Material shown:

= Beginning of Section =

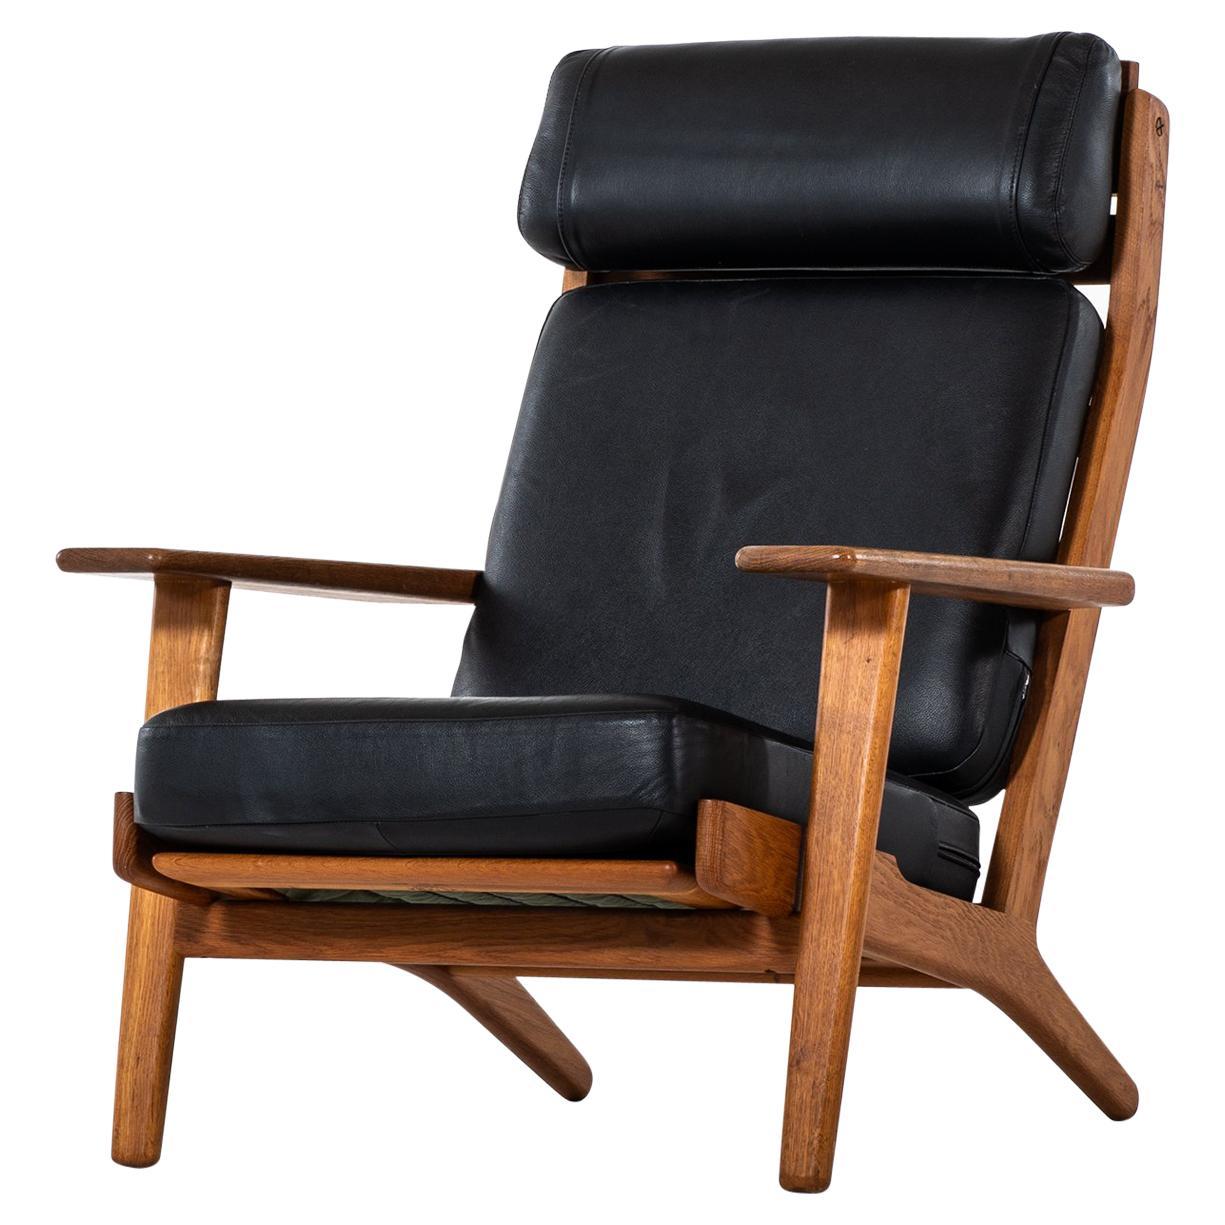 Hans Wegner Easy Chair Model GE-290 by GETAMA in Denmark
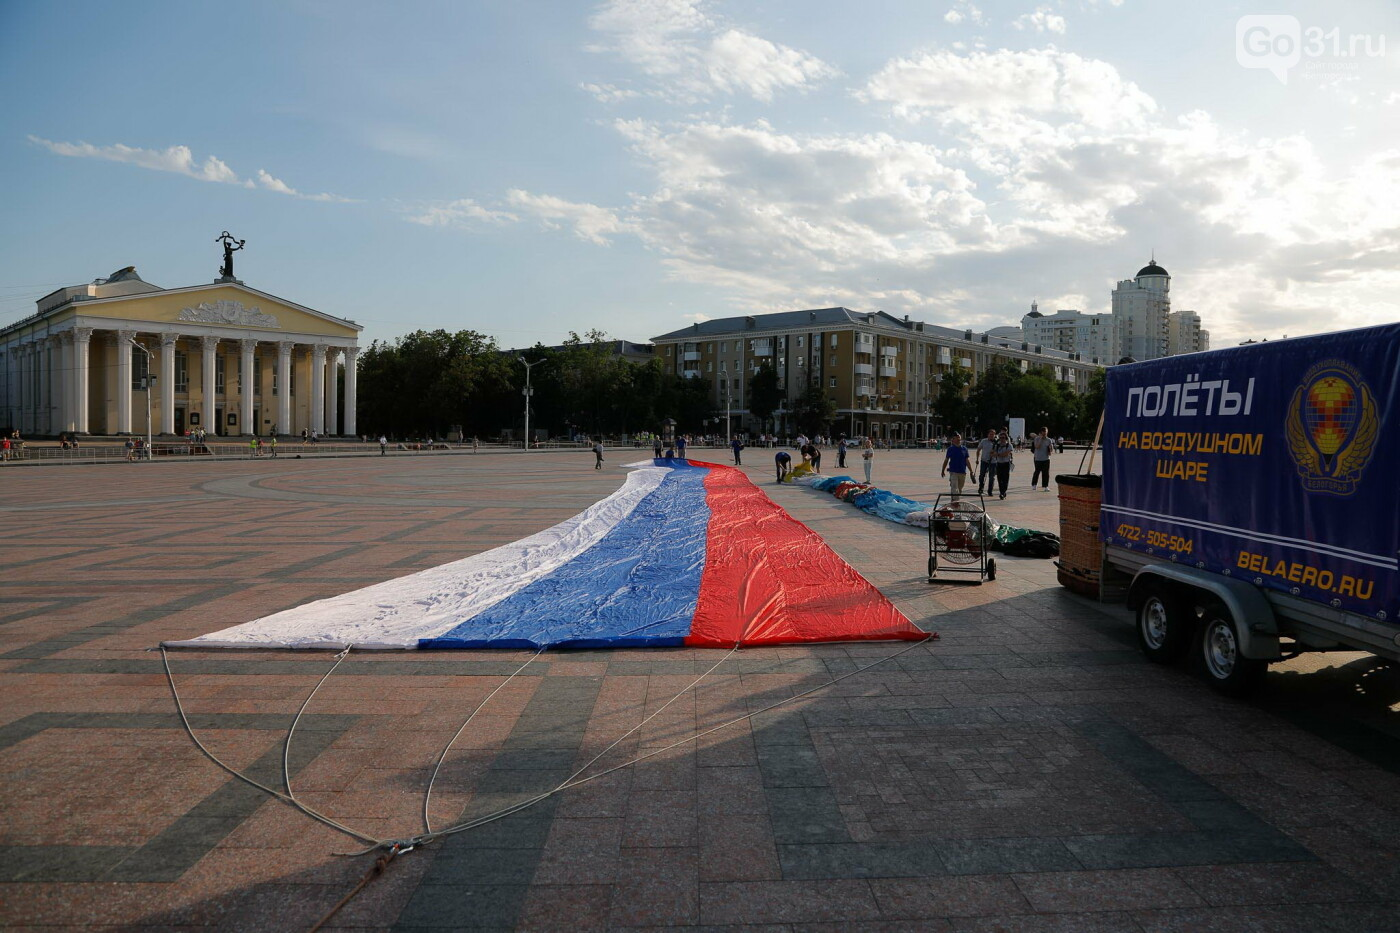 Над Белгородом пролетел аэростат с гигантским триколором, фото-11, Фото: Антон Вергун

= End of Section =
= Beginning of Section =

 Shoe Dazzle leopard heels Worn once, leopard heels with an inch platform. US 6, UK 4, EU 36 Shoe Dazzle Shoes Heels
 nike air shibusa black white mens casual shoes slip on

= End of Section =

Word for word, restate the lines above from the line containing "Shoe Dazzle leopard" through the line containing "nike air shibusa", with both included and nothing else.

 Shoe Dazzle leopard heels Worn once, leopard heels with an inch platform. US 6, UK 4, EU 36 Shoe Dazzle Shoes Heels
 nike air shibusa black white mens casual shoes slip on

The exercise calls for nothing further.